A few weeks ago I took an eye-opening picture at a wedding. It was a quick photo of the bride and father walking down the “aisle” (it was more a space between tables in a small banquet room). I must have had squirming Francis in one arm, the camera in the other, because it’s all blurry. The light’s bad, there’s red eye, it’s totally not something to send up to Flickr. But what’s haunting about the picture is the background: behind the bride you can see four people. From left to right, they are: taking a picture, holding camera at neck level ready to take a picture, leaning back from the camera screen setting up a shot, and looking down at a display reviewing the just-taken picture. This is a wedding and it’s the dramatic part: the bride’s just entered the room and is about to be given away by her father (it’s a second wedding so I can’t take the symbolism too far, but still this should be a holy moment).

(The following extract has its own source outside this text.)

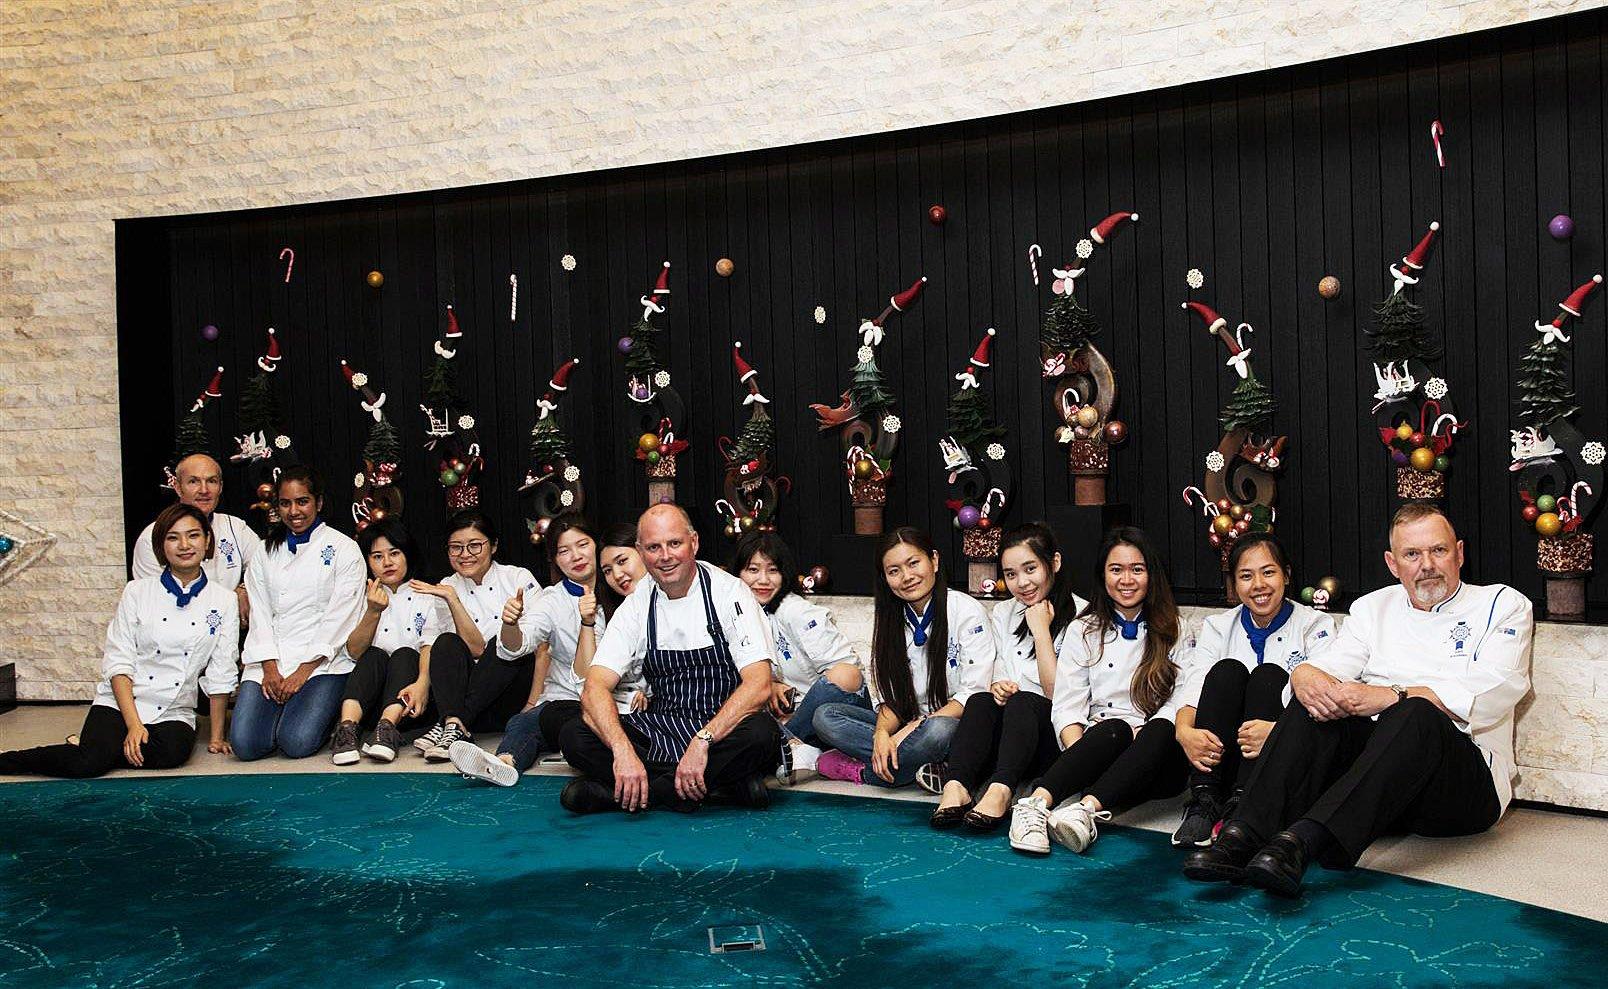 Sydney students impress with giant chocolate showpiece display
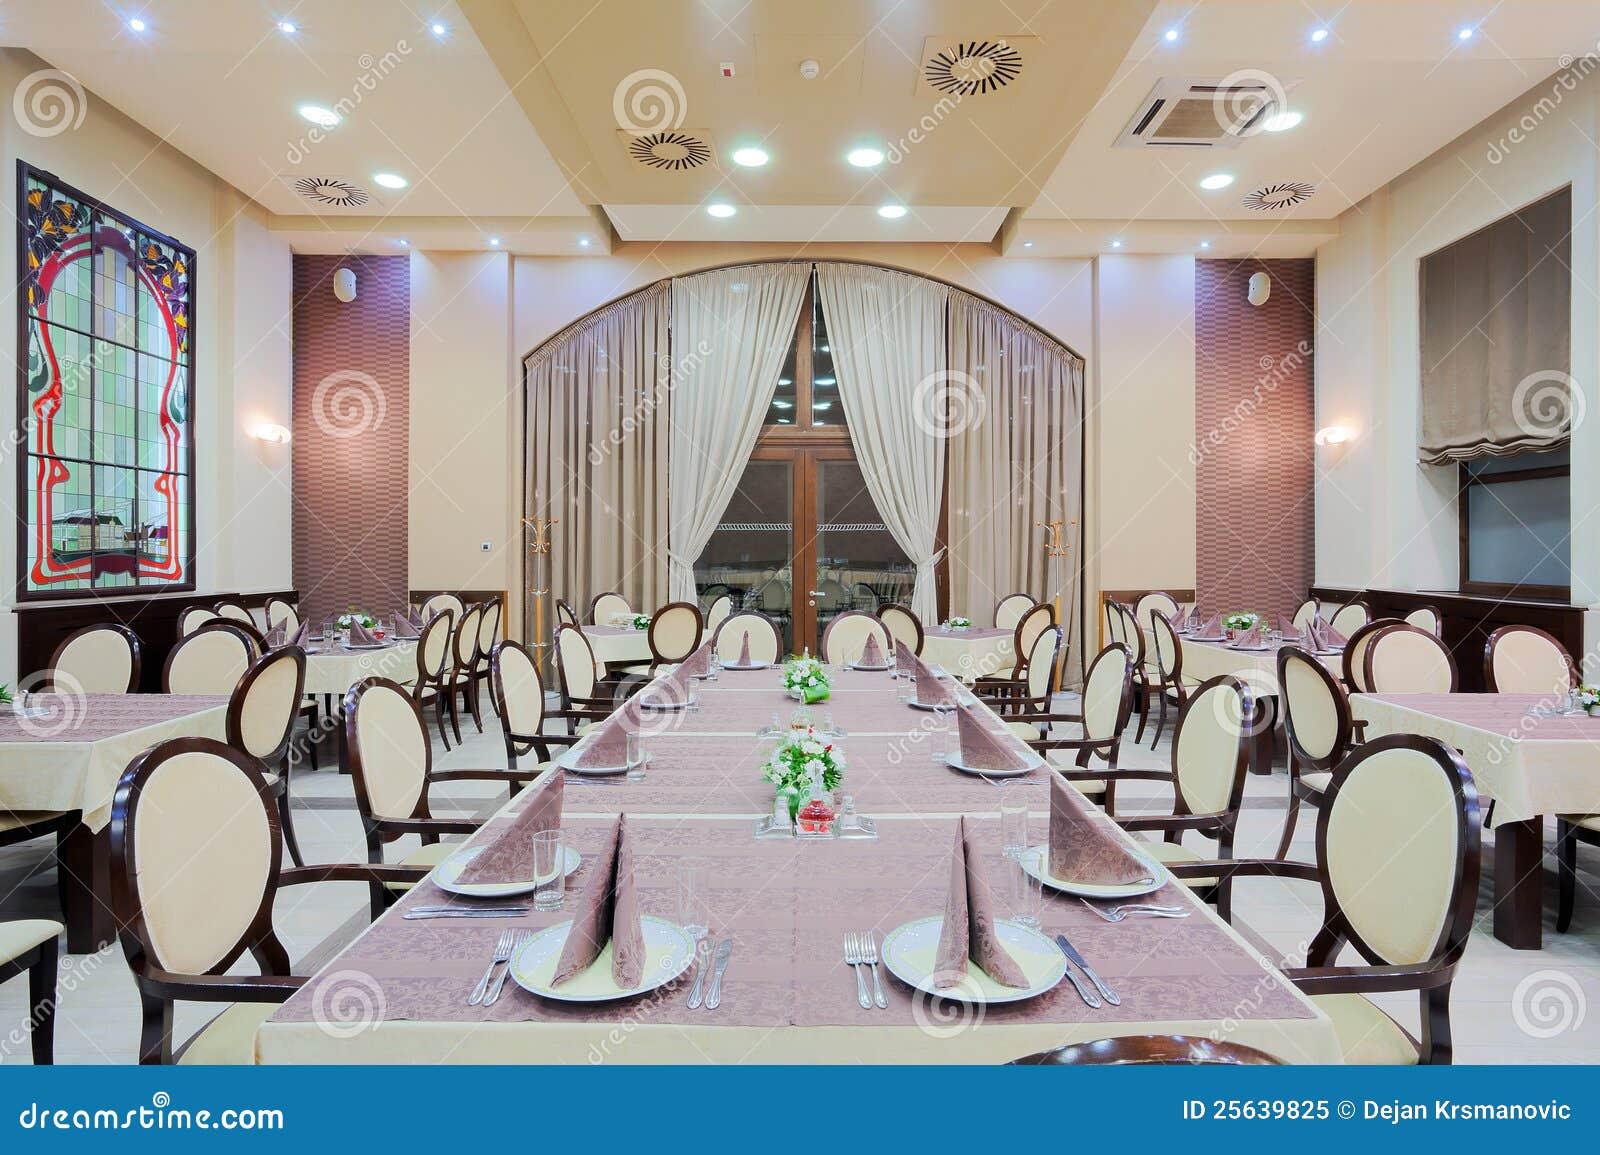 interior modern large restaurant large windows stock photos

Many Friends Meetings ban cameras in wedding ceremonies and I shouldn’t have relaxed my standards to take my own photograph of the wedding-in-progress. There are times where our presence is much more important than any documentation. I dare say that none of the two-dozen or so walking-down-the-aisle photos taken that day are worth developing or printing. I use my picture-taking for memory’s sake and love looking at old shots of the family, and a few of the pictures I took that day are definite keepers. But us compulsive shutter bugs need to know when to put the camera down.
I’ve often wondered about people who are more intent on recording an experience than in participating in it. Some of them are members of my family. They don’t actually know what they’ve seen until they get home and can look at the video.
On the other hand, sometimes recording an experience for others takes priority over experiencing it yourself. Sort of a “designated driver” role. If nobody had ever sat through Elias Hick’s sermons taking them down in shorthand, we wouldn’t know much today about what he said, for instance. Or WIlliam Penn’s London trial for disturbing the peace.
There’s some discussion in my Yearly Meeting now about whether a camera should be banned from YM business sessions, along with sound-recording devices. No mention of distraction, there. Currently all the resistance has to do with worry that images and messages can’t be interpreted correctly by people who weren’t physically present.